I would suggest having a variety of templates ready for carousel posts, static posts, quotes, video covers and stories. That way, you can simply add your content and images quickly, with no time-consuming design necessary.

Reuse Your Existing Content

I have a friend whose mum, in a very frugal 1980s way, used to serve her family YMCA for dinner – Yesterday’s Muck Cooked Again. It was her way of stretching out a bit of meat or a casserole into 2 or 3 more dinners. Why am I telling you this? Well, as much as it’s a reminder of how far we’ve come in culinary terms (thank god for Masterchef), it’s a good lesson for us content creators. 

Far from me saying your existing content is muck (it’s not, it’s manna from heaven), the same repurposing can be done with that long piece of content you spent ages agonising over. Turn that long-form piece into little social portions, and you’ll really be maximising its potential. Here are some examples: 

  • Turn that webinar into a blog post.
  • Make that blog post into a reel.
  • Transform your IGTV video into a TikTok short.
  • Repurpose your TikTok into a newsfeed post.
  • Repost that top-performing newsfeed post from last year into a new one.

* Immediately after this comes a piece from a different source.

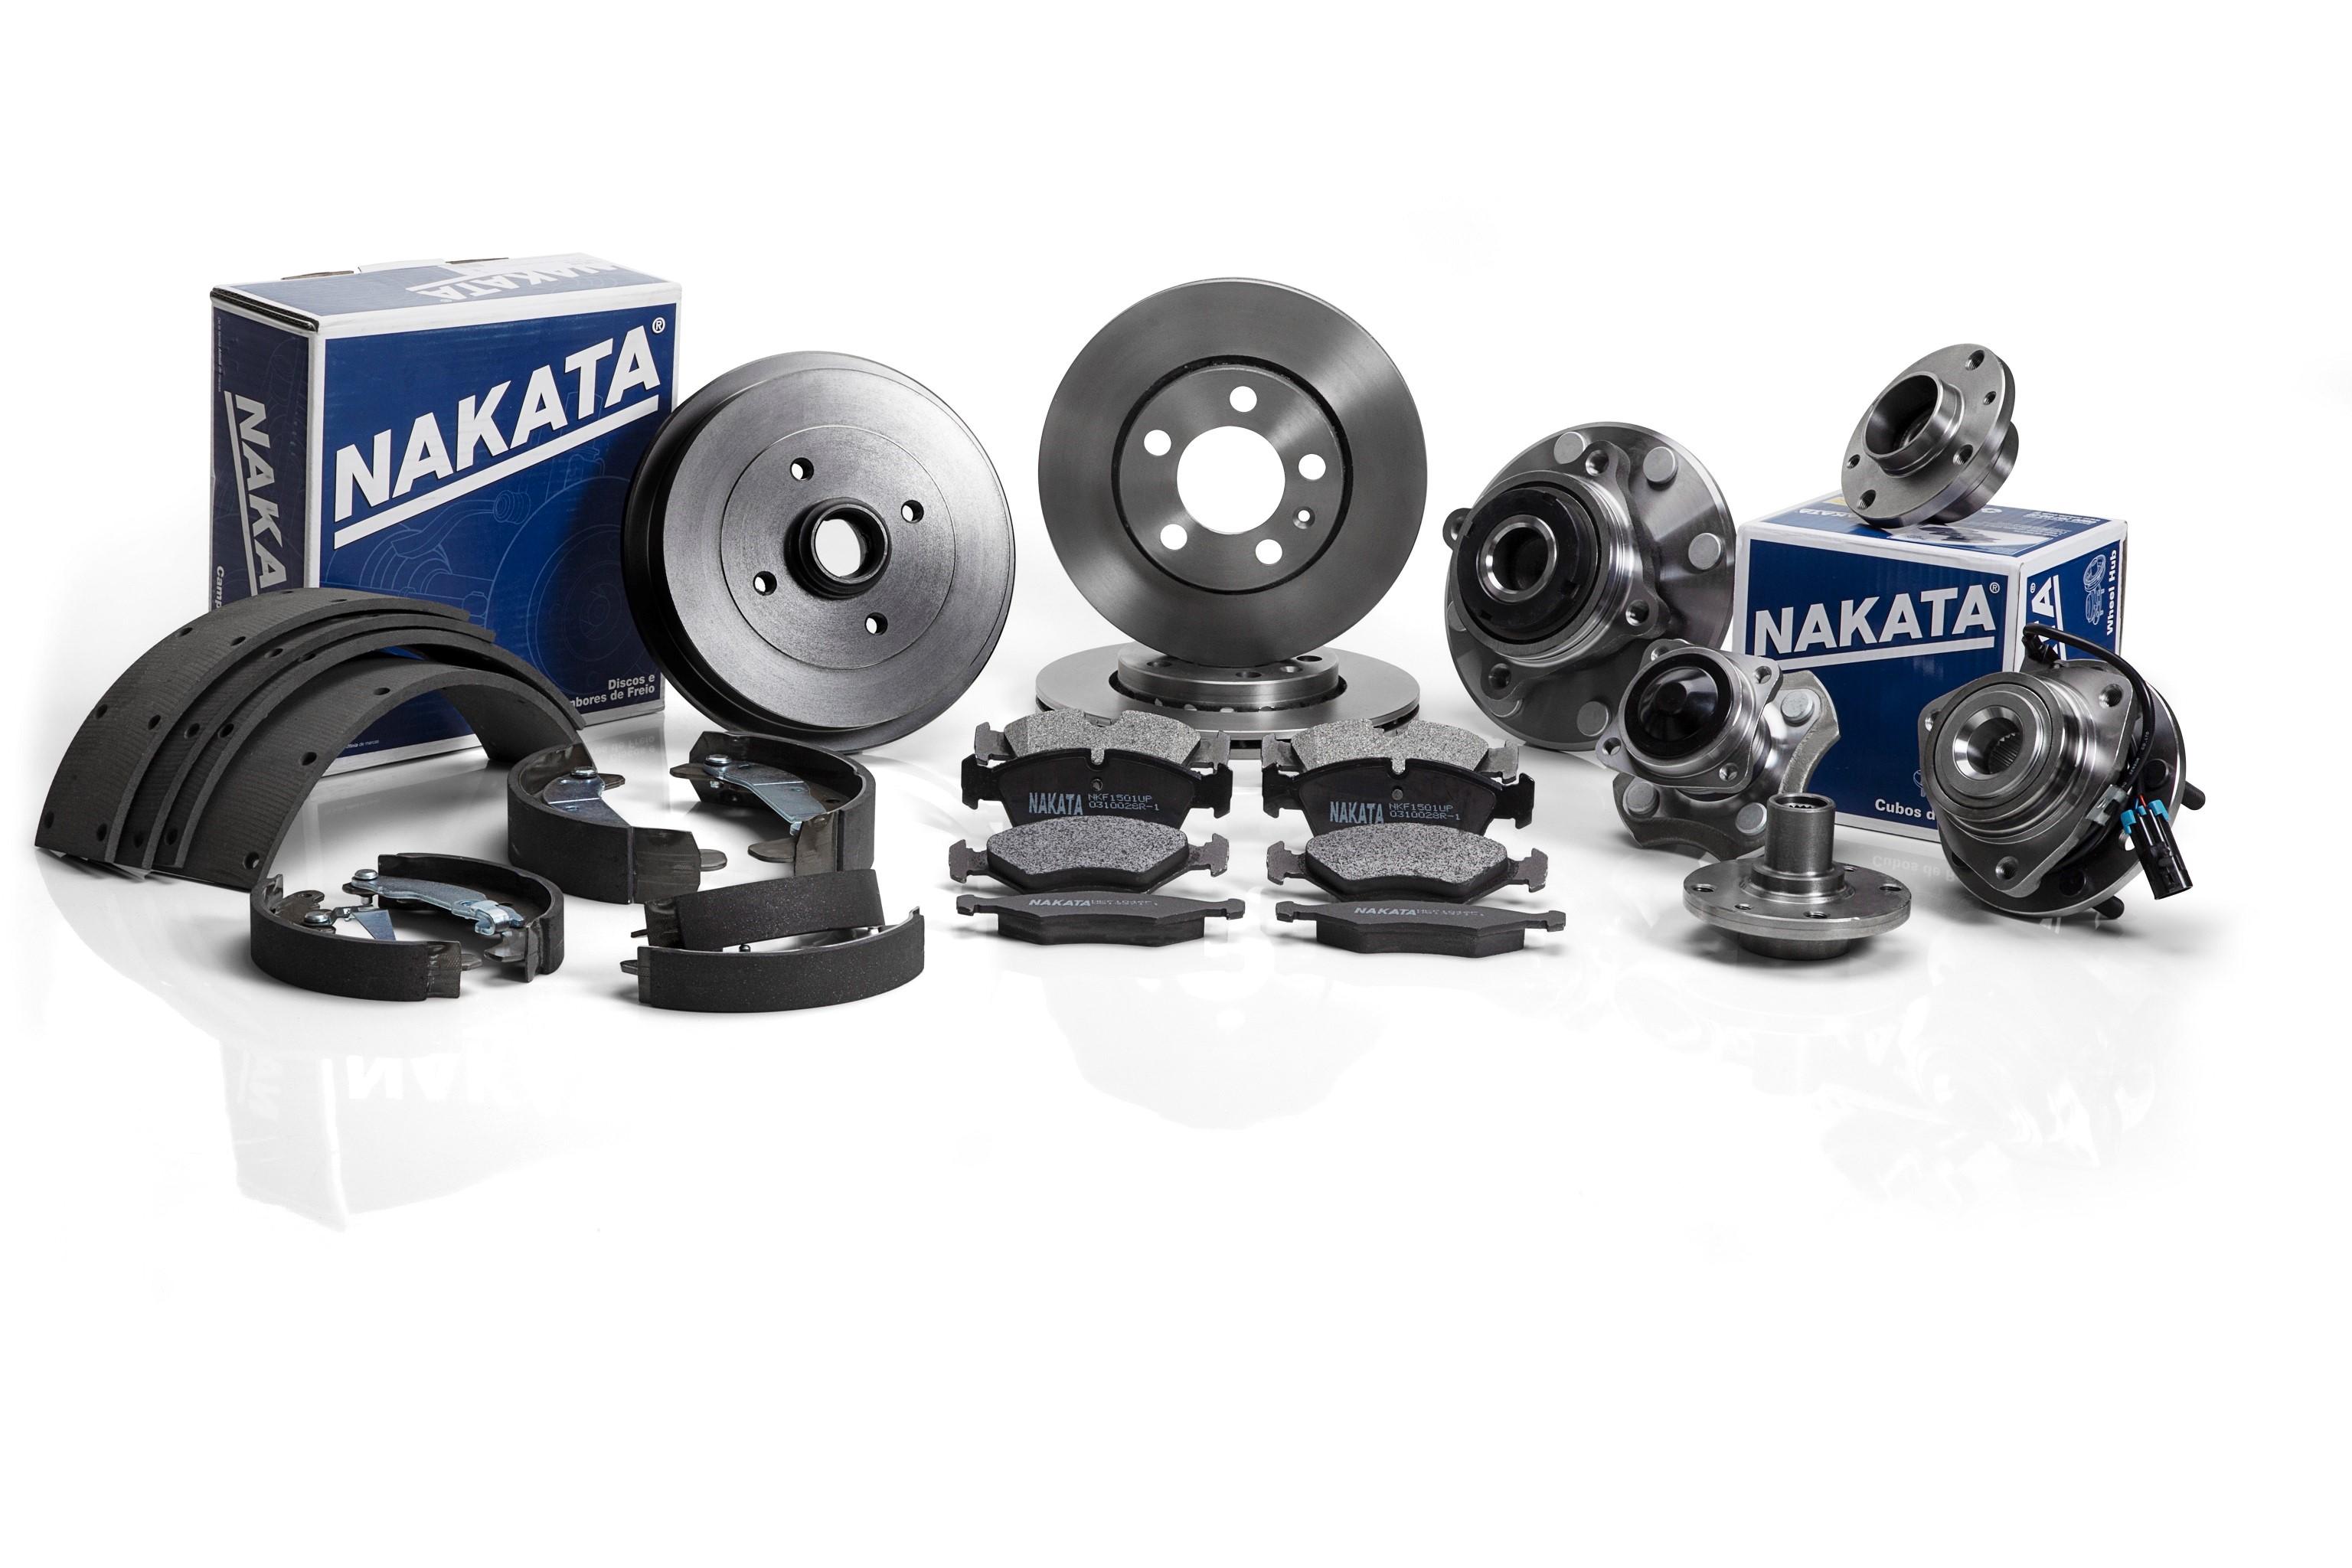 Nakata apresenta pastilhas de freio para veículos da Volkswagen, Audi, Hyundai, Kia, Ssangyong, Nissan e Toyota
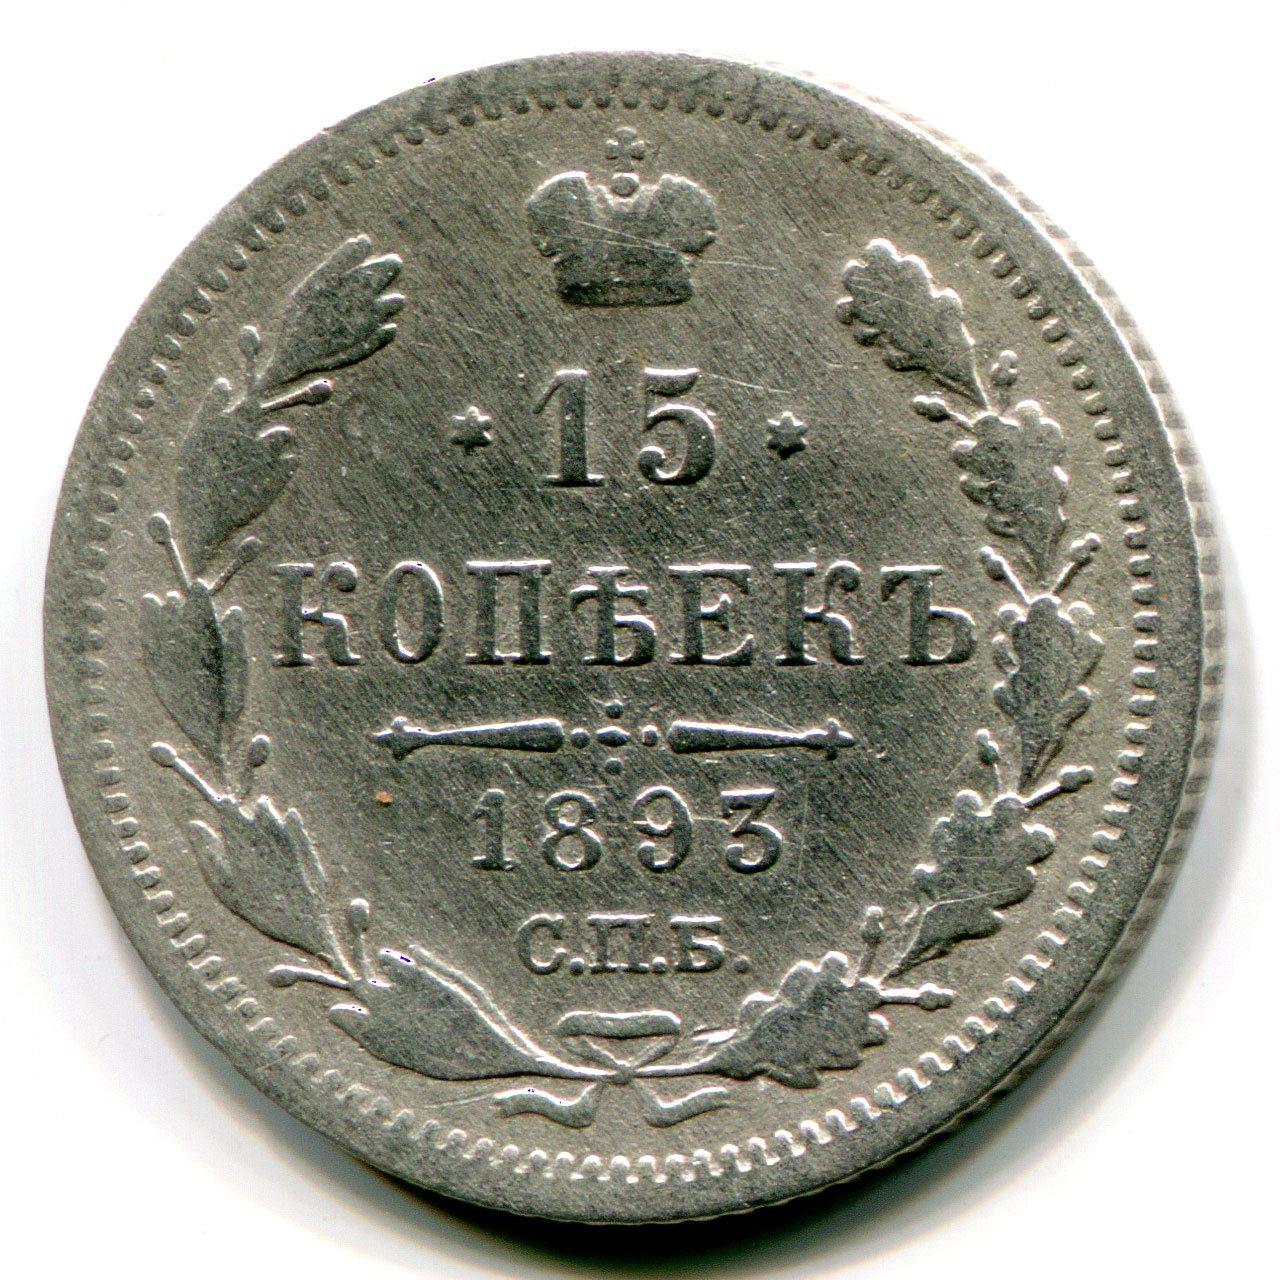 15 копеек 1893 filt

See what I’m doing here? Don’t scrabble to find new content all the time – pick content at the top of your content pyramid (long-form content) and slice and dice. Content à la mode, cooked two ways.

Content Batching

You may be forgiven for thinking I’m sticking to the culinary theme here, but I’m not. When I talk about ‘batching’, I’m not talking about family meal planning here; I’m talking about content creation. Content batching is a productivity technique where you create all of your captions or visual content during a set period of time. For example, instead of spending an hour planning, creating, and publishing one Instagram post, you’ll spend that hour writing or “batching” an entire week of posts in one go.

I time-block every Monday afternoon for content creation, which helps me get ahead of the game.